Затем господин Бонди стал читать документ. Язык был немного запутанным, к тому же иногда нотариус вдруг принимался забавно булькать, напомнив Этель преподавателя исторической географии; ее одноклассница Жизель Амлен обыкновенно говорила: «Ну, пошел Пужоль брызгать слюной». Этель ухватила только общий смысл документа: отец получал право распоряжаться наследством, поступать с ним по своему усмотрению, тратить и вкладывать, куда ему будет угодно, ссужать деньги на воплощение в жизнь любых проектов. Формулировка была двусмысленной, однако Этель позднее вспоминала, что отец тогда же решил продолжить строительство Сиреневого дома и что, узнав это, она была счастлива.
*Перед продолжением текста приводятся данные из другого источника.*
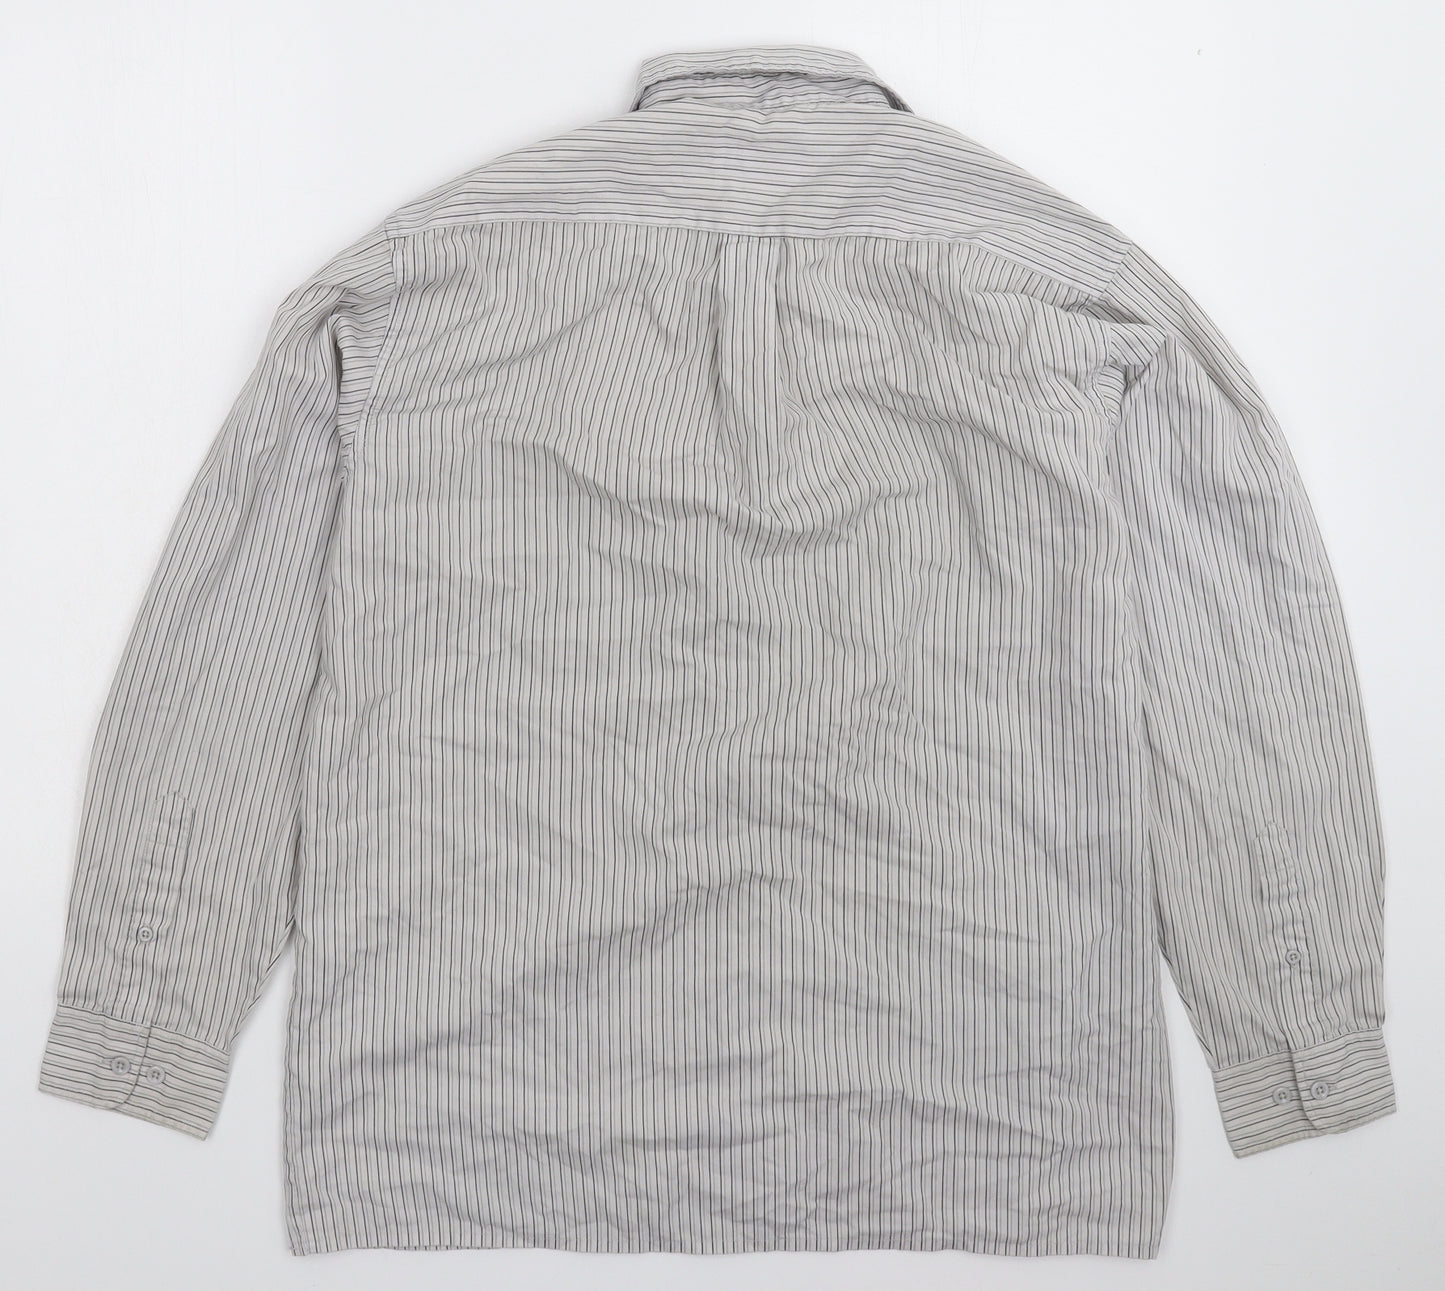 Headland Mens Grey Striped   Dress Shirt Size 15.5

Нотариус прекратил бормотать, протянул бумаги Александру — перечитать и подписать, потом они стали говорить о других делах. Речь шла о долге, банковских ставках, быть может даже о международной политике, однако Этель уже не слушала. Ей не терпелось оказаться в лицее, сбежать из душной атмосферы кабинета, заваленного бумажками, избавиться от присутствия этого человека, от его усов, черных глаз, манеры говорить и брызжущей слюны. Возле лицея она встретилась с Ксенией и поспешила ей всё рассказать: о Сиреневом доме, который вскоре построят, о том, что его большие окна будут выходить в сад, о зеркальном водоеме, отражающем осеннее небо. Там и для Ксении найдется комната, ей не придется жить на первом этаже грязного, темного здания на улице Вожирар, в этом сарае, где вся семья ночует в одной комнате на матрасах.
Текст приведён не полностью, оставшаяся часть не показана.